As Taylor inches his way up the elaborate scaffolding that set designer Laura Fine Hawkes has used to simulate the mountain, he is accompanied by Harold’s rambling ruminations about his wife and son, about the mysteries of life, and about his search for God.
Having once given up on God, Harold had his faith restored when, as a physicist, he was involved in the discovery of the quark—an elementary particle thought to be the fundamental constituent of matter. “We found God’s house,” he acknowledges ruefully, “and we called it ‘quark’.”
Harold, in intense pain, becomes a bit hallucinatory occasionally, but he is still not as intense as Taylor, who is driven to the brink of madness with the agonizing responsibility of trying to save both their lives. His anguished shouting rattles the mountainside and exhausts both himself and the audience. It is an acting tour de force and a credit to director Damen Scranton, who has called this play “a director’s nightmare.”

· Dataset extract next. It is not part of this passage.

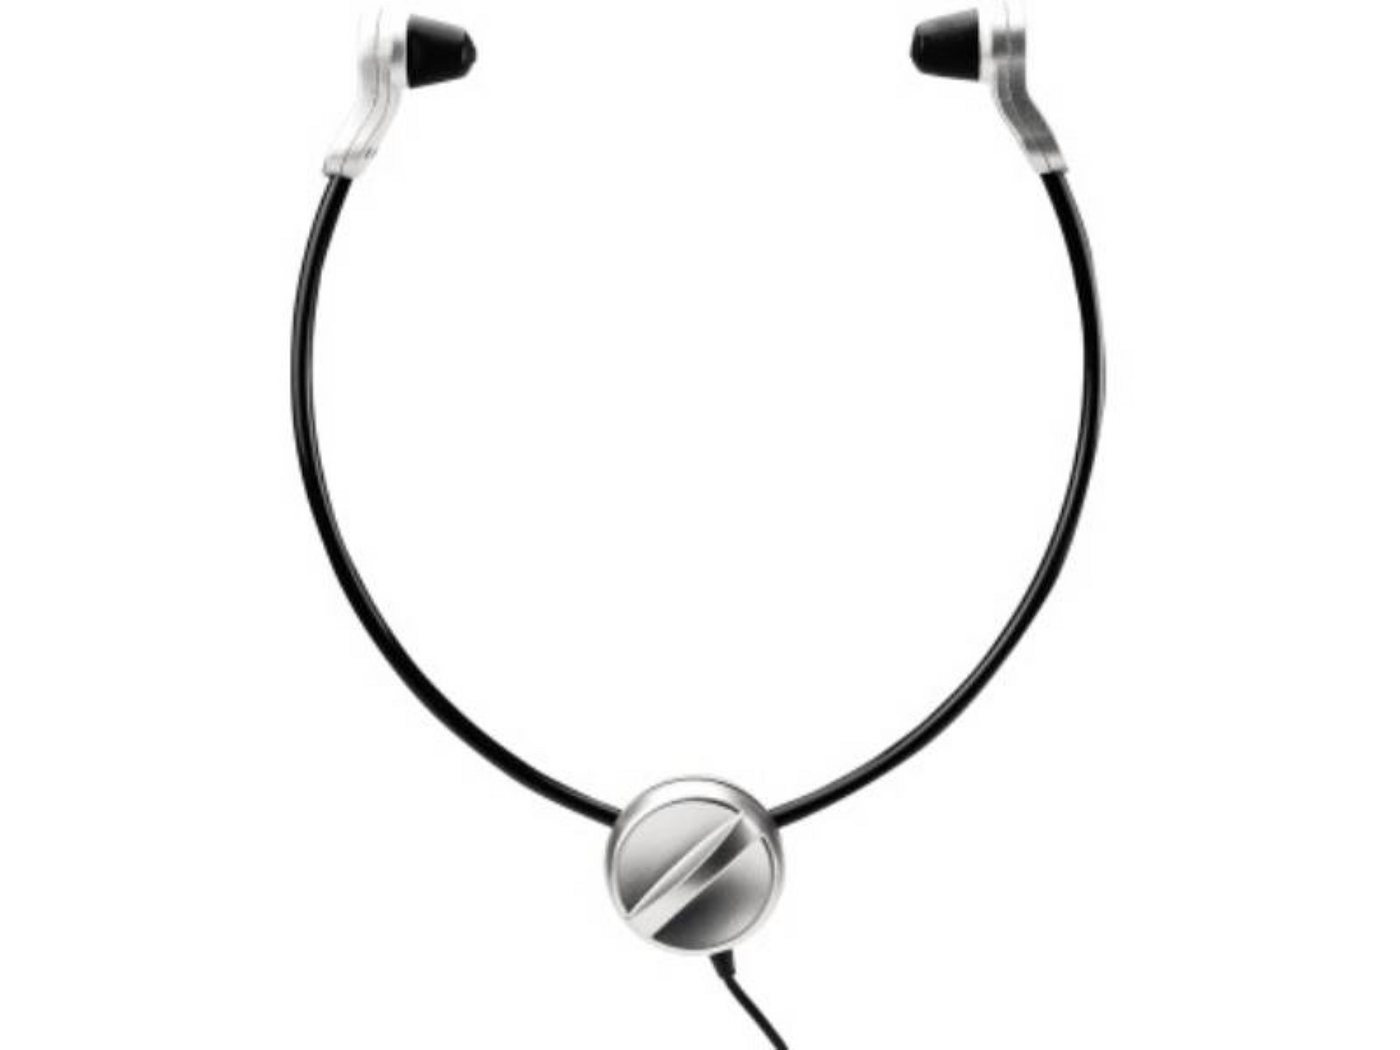 Grundig Grundig Kopfhörer Swingphone 568 PCC5683 USB-Stecker Unterkinnbügel Kopfhörer von Grundig
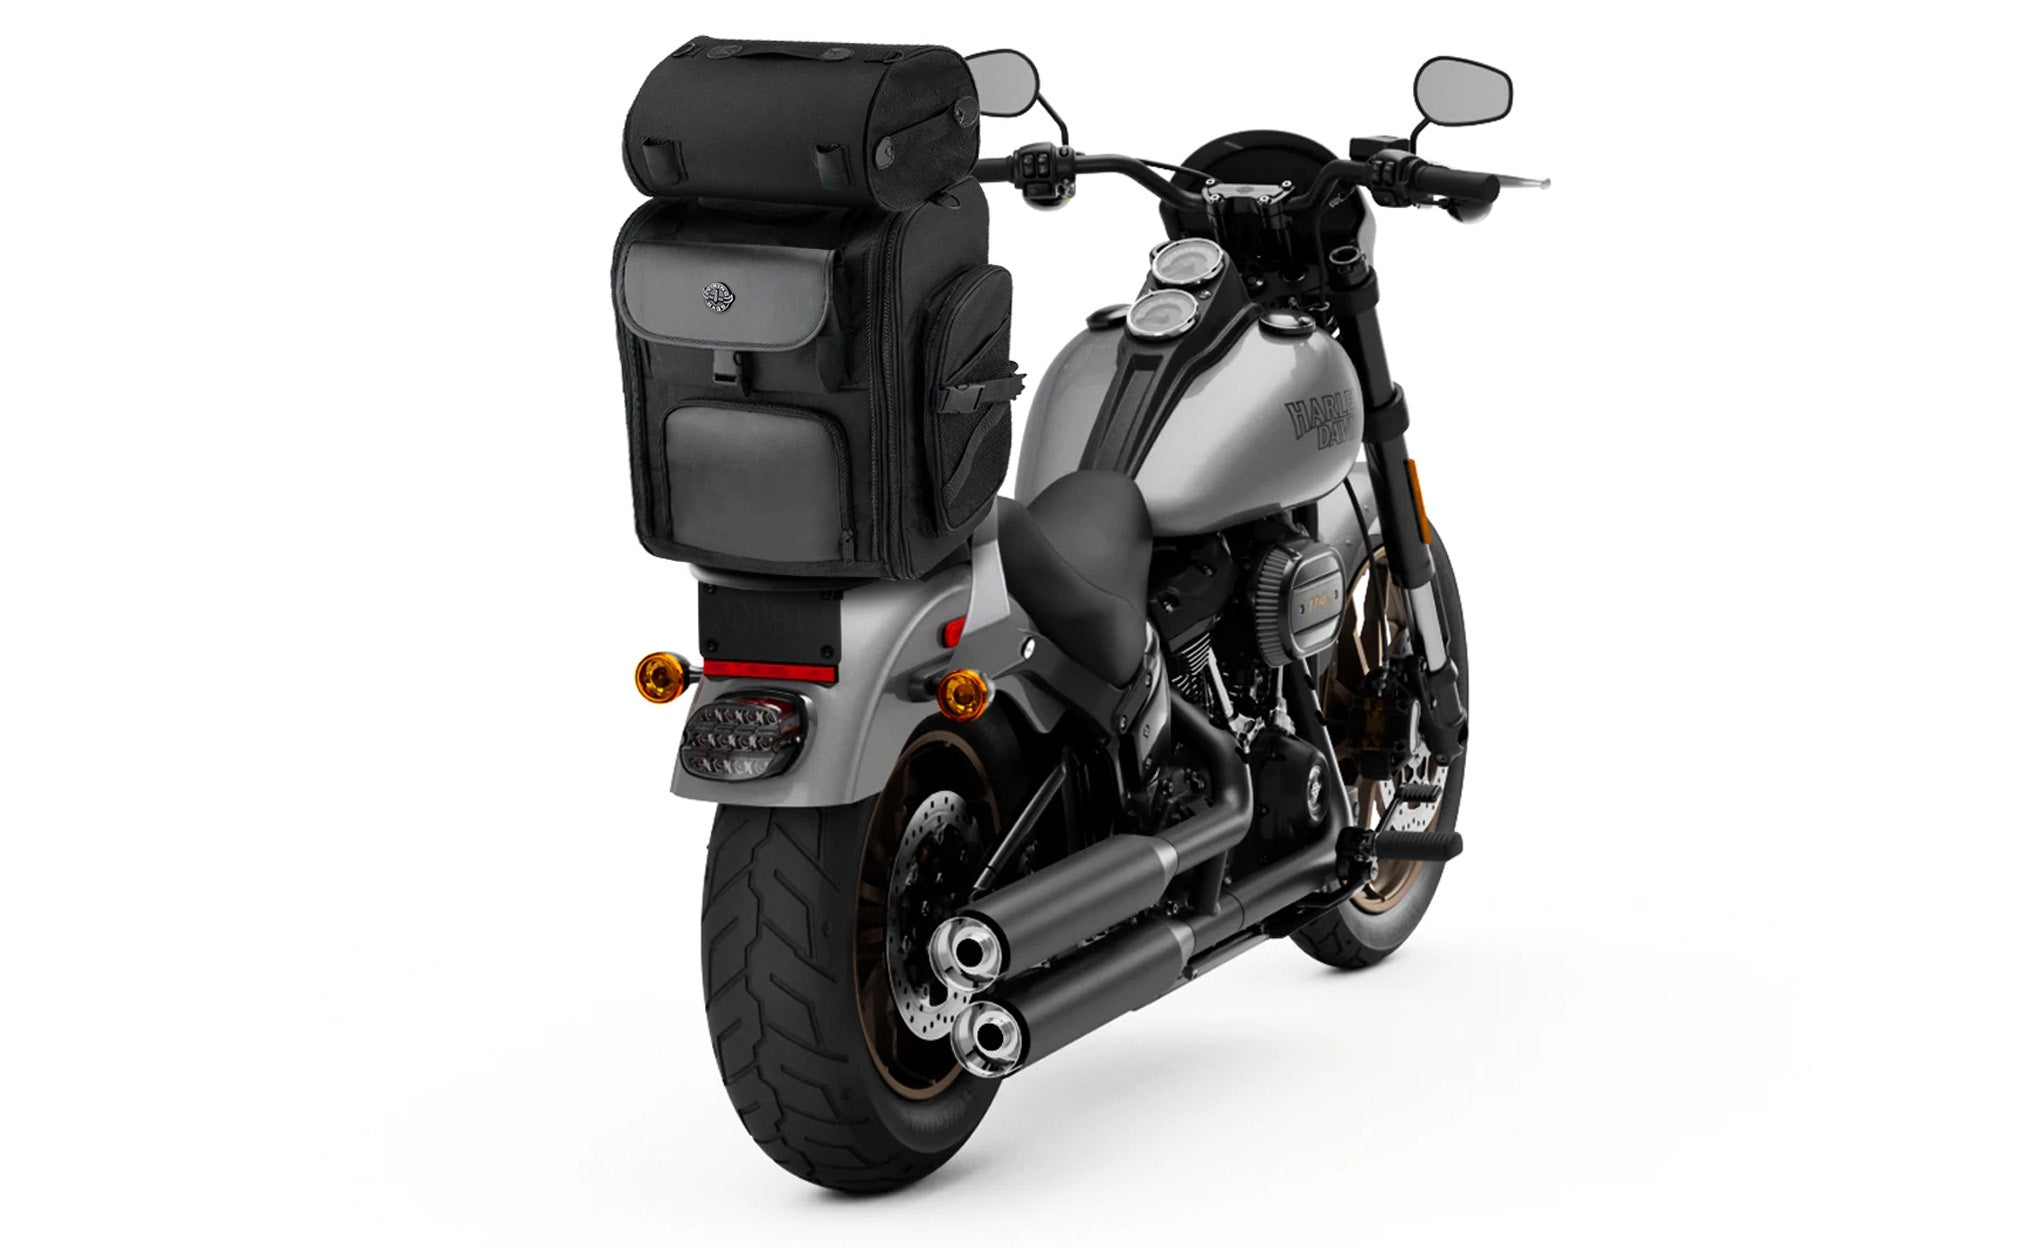 Viking Dwarf Medium Honda Motorcycle Tail Bag Bag on Bike View @expand

It is also a credit to Tony Yeary, the climbing consultant who taught the actors high altitude climbing techniques and the use of the mountaineering equipment.
K2 is not an easy play, either for the actors or the audience, but it is a beautifully written, highly intelligent, and moving piece of work. Both actors do a strong, convincing job, and their suffering, as well as the overwhelming roar of the ferocious winds on the mountain, leaves the viewer surprised, as he exits the theater, that he doesn’t, in fact, have frostbite.
K2 will continue at the Underground Theatre, 1314 North Wilton Place, in Hollywood, Thursdays through Saturdays at 8 p.m. and Sundays at 7 through November 14th. Call (800) 838-3006 for tickets.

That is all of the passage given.